Через несколько минут на столе появились закуски: армянская бастурма, грузинское лобио, донские деликатесы – копченый осетровый балык, отборная черная икра в глубокой хрустальной вазочке на льду… Сопровождали их выдержанный дагестанский коньяк и крымский мускат Черного камня, который так любят дамы.
– Кушайте, Танечка, – кавалер протянул собственноручно изготовленный бутерброд, толсто намазанный икрой. – Только, извините, сладкое вино тут не годится, я позволю себе рекомендовать вам рюмочку коньяка…
– Ах, я никогда не ела икры, – польщенно зарделась дама. – Это же так дорого… Да и вообще я ничего такого не пробовала…

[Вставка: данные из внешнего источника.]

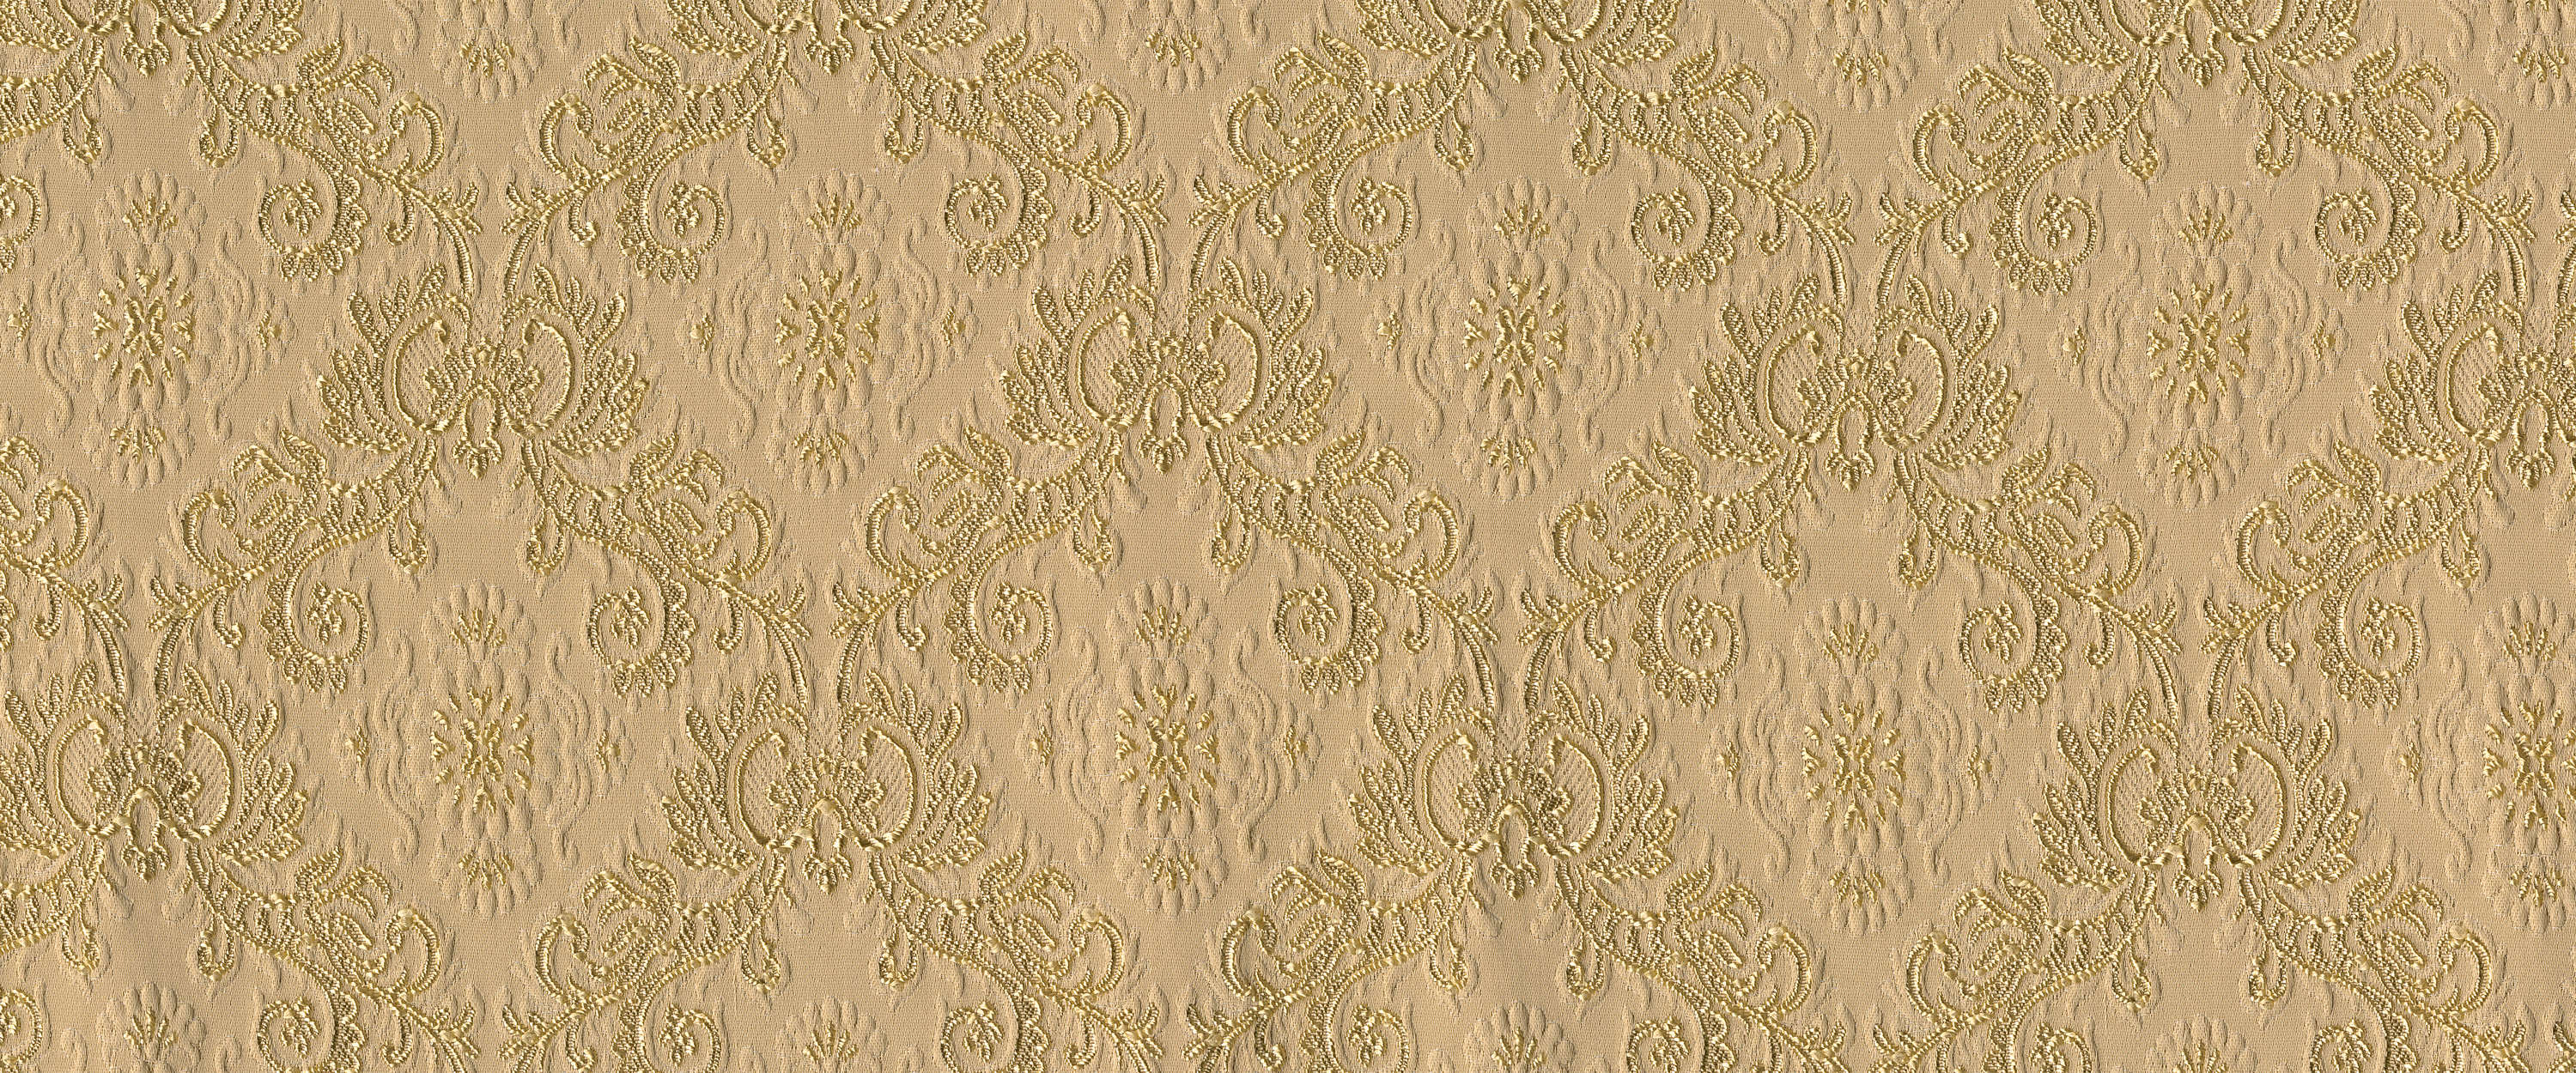             Papier peint panoramique avec ornements dorés classiques
        
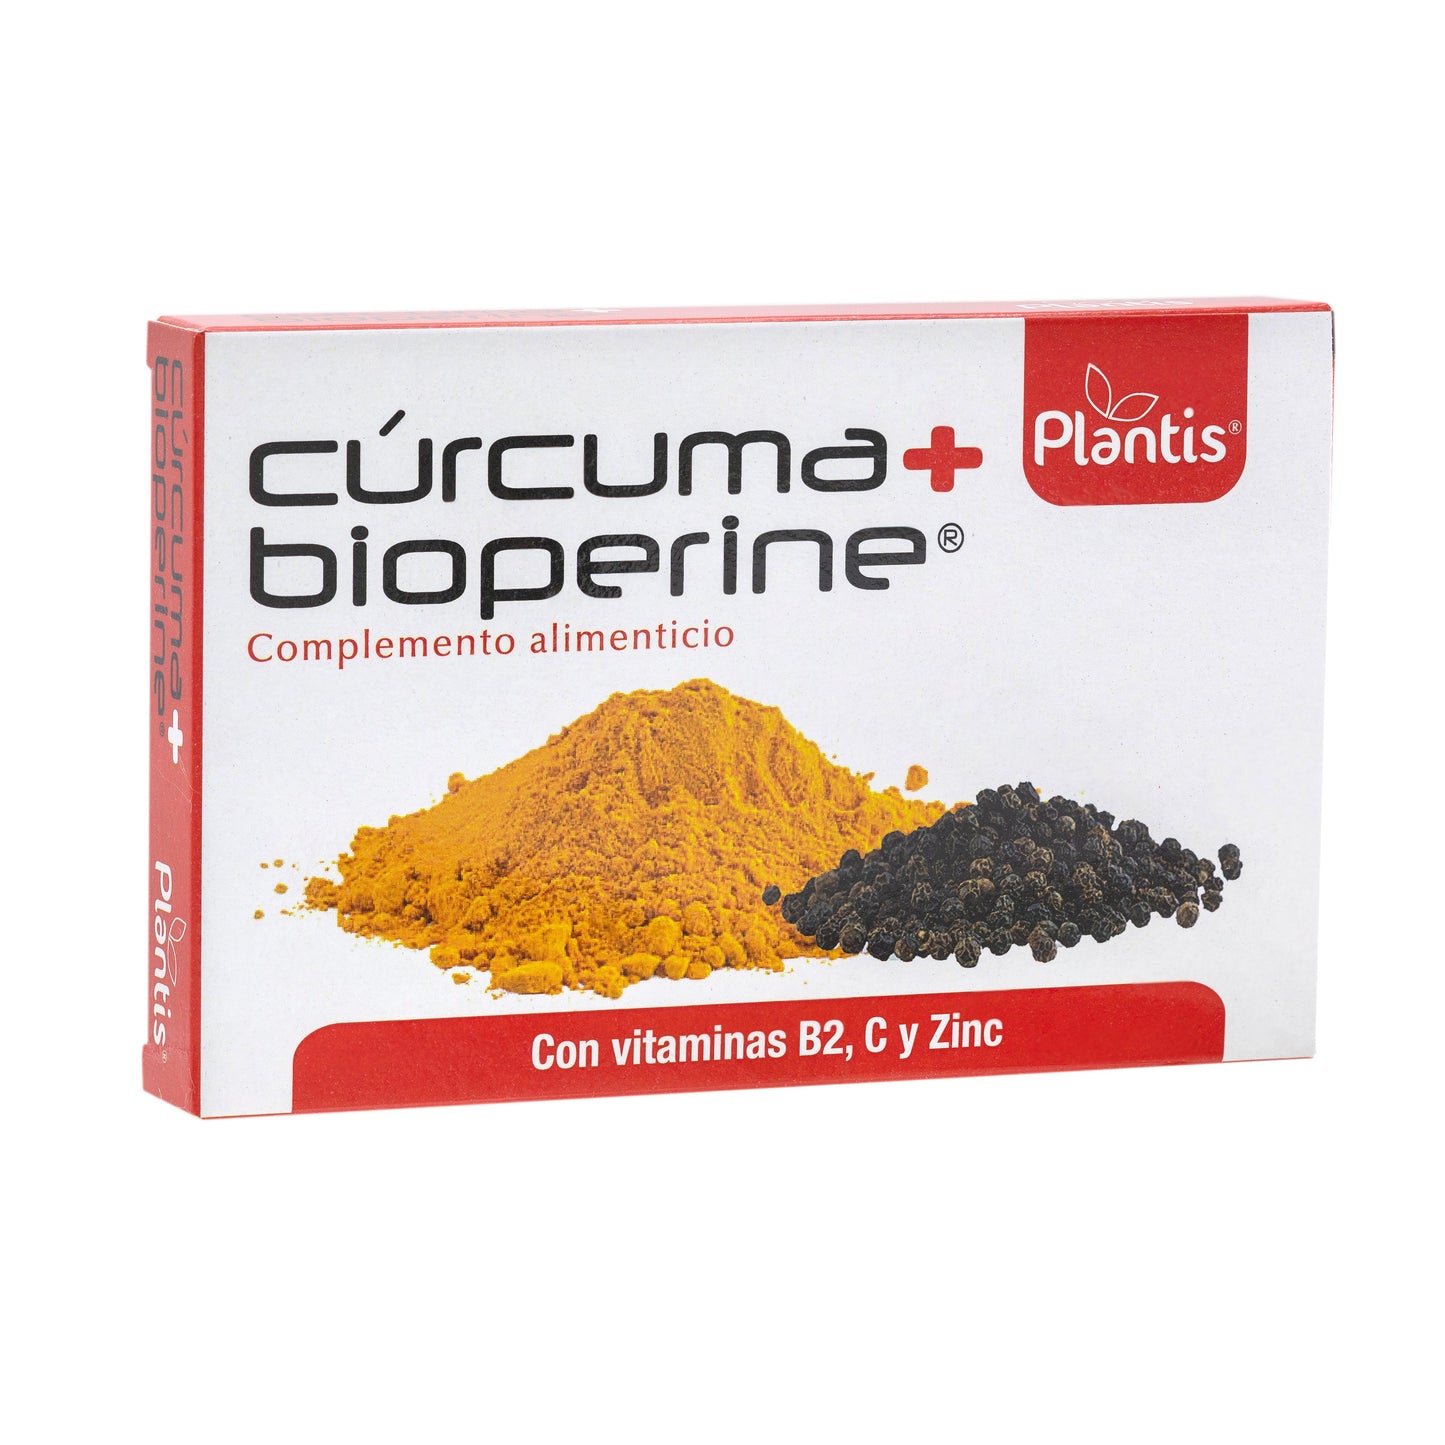 Curcuma + Bioperine 60 Capsulas | Plantis - Dietetica Ferrer

– Тогда загадайте желание, и оно непременно сбудется! Я пью за вас! За вашу красоту!
Мужчина старался быть галантным, но за внешним лоском внимательный наблюдатель сразу бы заметил природную угловатость как в движениях, так и в обхождении, выдающую отсутствие воспитания и того внутреннего лоска, который неизменно присущ интеллигенту, с молоком матери впитавшему хорошие манеры.